ABD Başkanı Donald Trump’ın CIA’in başına profesyonel işkenceci Gina Haspel’i ataması, “kara delik” denilen işkence merkezlerini, hayalet gemileri, Ebu Gureyb Hapishanesi'ni, korku adası Guantanamo’yu ve ölüm kamplarını yeniden dünya gündemine taşıdı. ABD’nin 2001’de Afganistan’ı, 2003’te Irak’ı işgaliyle işkence yasallaşarak insanlık hafızasında derin iz bıraktı. Binlerce insanın ortadan kaybolduğu sistematik programlar yürütülerek insanlık için utanç verici bir tarih yaşandı. Terörle savaş adı altında yürütülen işgal projesinin doğurduğu güvenlik paranoyası hukuk ve adaleti, temel insan haklarını yok etti.
Devlet terörü
İnsanların kimileri evinden, sokağından, okulundan, işyerinden kimileri camilerden alınıp kimsenin bilmediği yerlere götürüldü. İşkence ve devlet terörünü meşrulaştıranlar, adam kaçırmayı da yasallaştırdı. İşkence kurumsallaştığı gibi devlet eliyle korsanlık ve adam kaçırma da kurumsallaştı. Bunun için istihbarat birimleri kurularak Gina Haspel gibi isimlerin de aralarında bulunduğu kadrolar yetiştirildi.
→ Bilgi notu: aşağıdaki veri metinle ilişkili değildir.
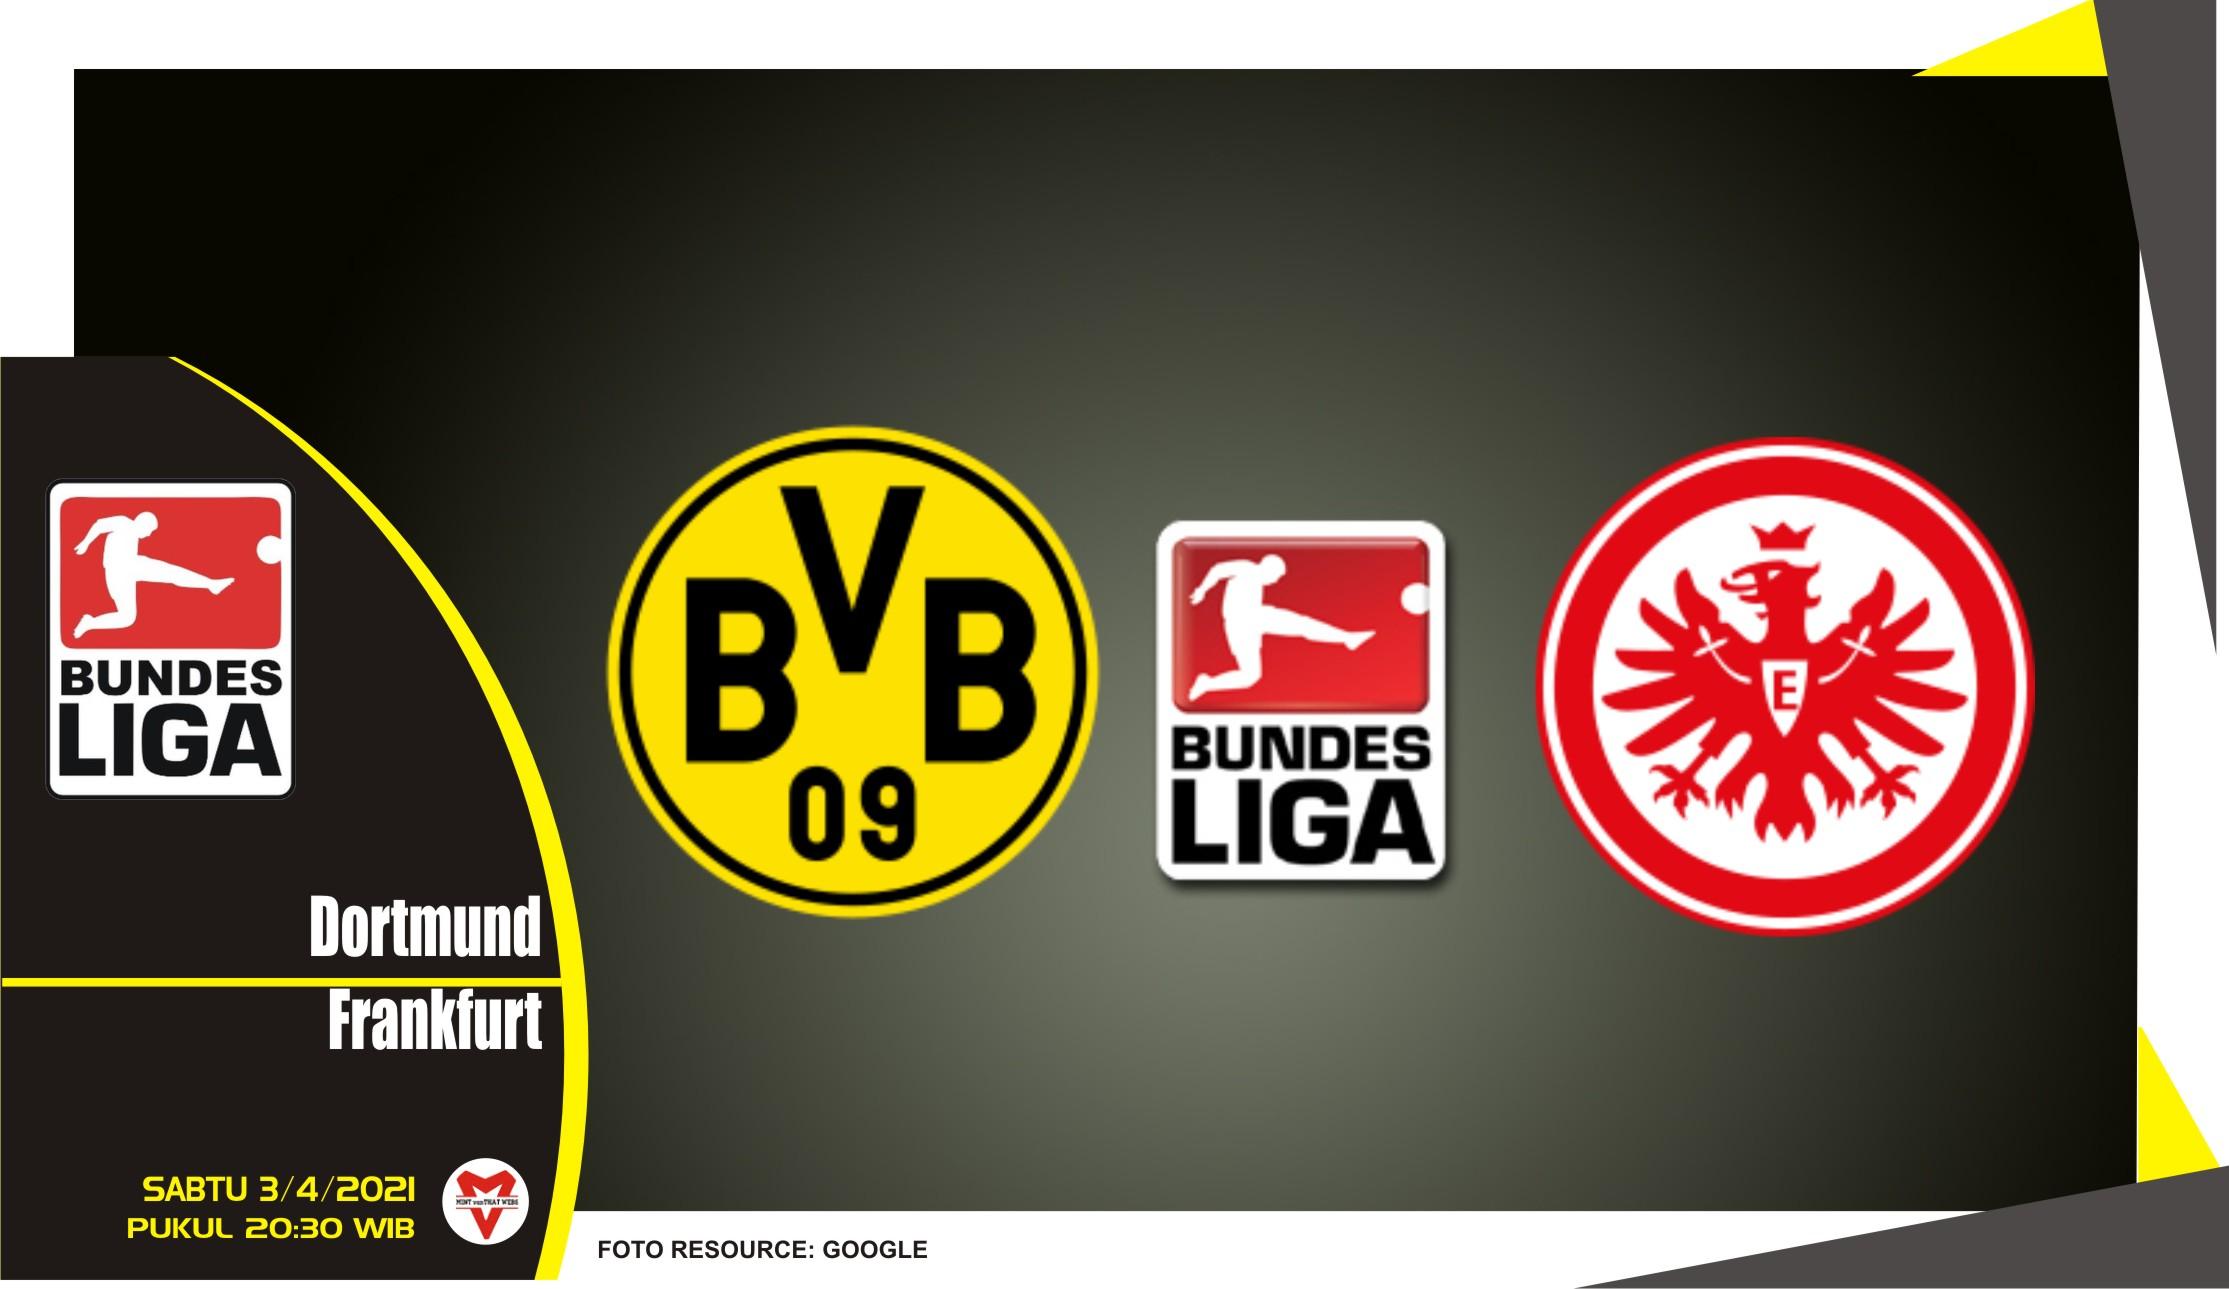 Prediksi Liga Jerman: Dortmund vs Eintracht Frankfurt - 3 April 2021
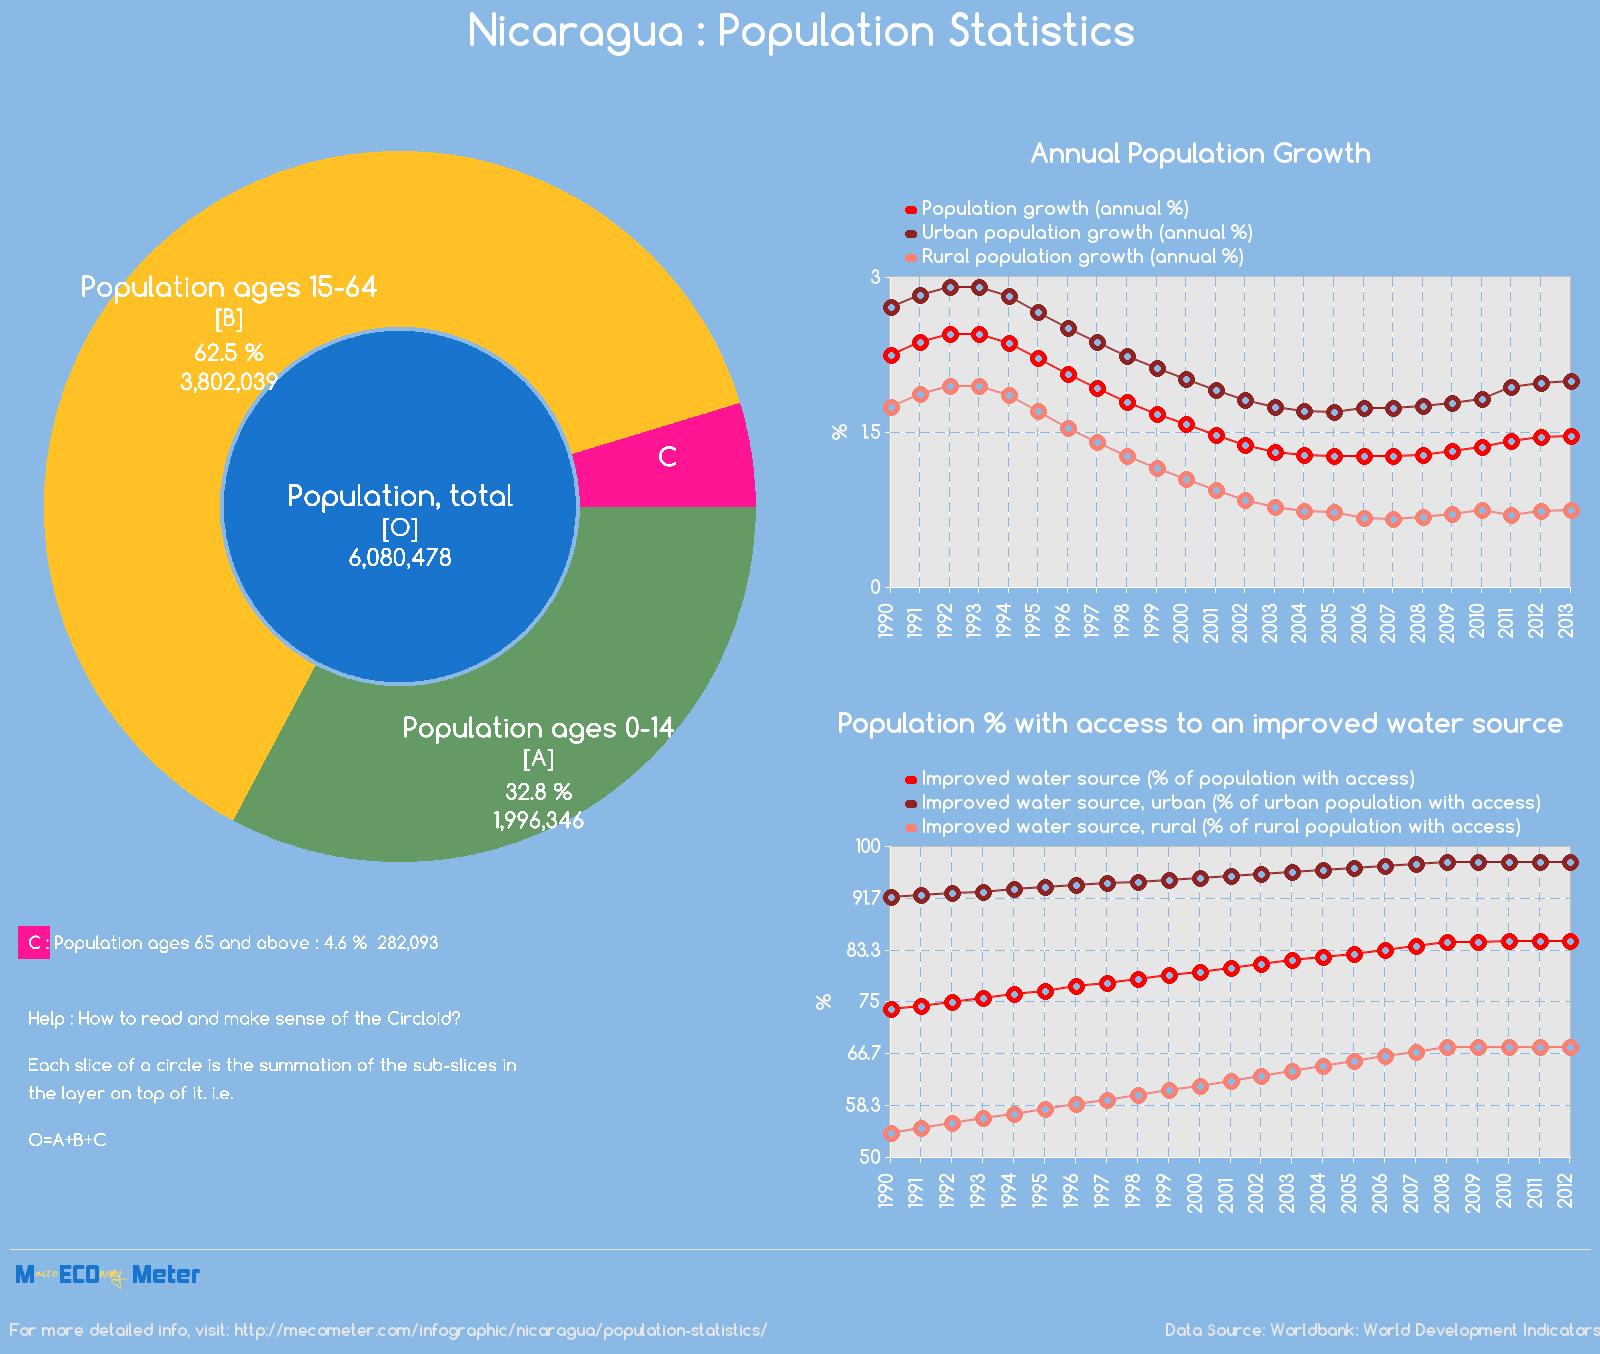 Nicaragua : Population Statistics

Paris ve Berlin’den Tayland’ın yağmur ormanlarına, Okyanus’ta dolaşan hayalet gemilerden, Kuzey Afrika’nın çöllerine kadar, sayısız esir ve işkence kampında yaşananlar İnsan bedenine, ruhuna, onuruna yönelik en çirkin saldırılar olarak anılıyor.
Geçmişi kara delik
Profesyonel işkenceci Gina Haspel’in Dışişleri Bakanlığı'na atanan Mike Pompeo’dan boşalan CIA Direktörülüğüne atanması ABD’de tartışma başlattı. Gina Haspel, CIA Direktörülüğüne getirilen ilk kadın olmasının yanısıra 11 Eylül 2001 saldırıları sonrası ‘terör zanlılarının’ kaçırılması, ‘kara delik’ denilen merkezlerde esir alınması ve işkenceden geçirilmesi programının kilit ismi olduğu belirtildi. Haspel’in 2002 yılında Cumhuriyetçi Başkan George W. Bush yönetiminde Tayland’da “Kedi Gözü” adlı gizli hapishaneden sorumlu olduğu vurgulandı. Demokratların tamamının Cumhuriyetçilerin ise bazılarının Haspel’in, CIA başkanlığına olumsuz oy kullanacağı belirtiliyor. Öte yandan Avrupa Anayasa ve İnsan Hakları Merkezi (ECCHR), terör zanlılarına işkence davasıyla ilgili Haspel’in gözaltına alınması için izin talep etmişti.
Ölüm kampları
Afganistan işgalinden sonra ülkedeki ABD üsleri sorgu ve işkence merkezlerine dönüştürüldü. Ülkeden toplu katliam, toplu mezar ve toplama kampları manzaraları saçılırken Irak işgalinden sonra güneyde Ummul Kasr’dan kuzeyde Türkiye sınırına kadar bir çok bölgede de esir kampları ve işkence merkezleri kuruldu. Buralarda kadın ve çocukların bulunduğu özel bölümler hatta özel merkezler dahi oluşturuldu. Ebu Gureyb’ten yükselen çığlığı dünya duysa da sesini duyuramayan onlarca ölüm kampı gözlerden uzak kaldı.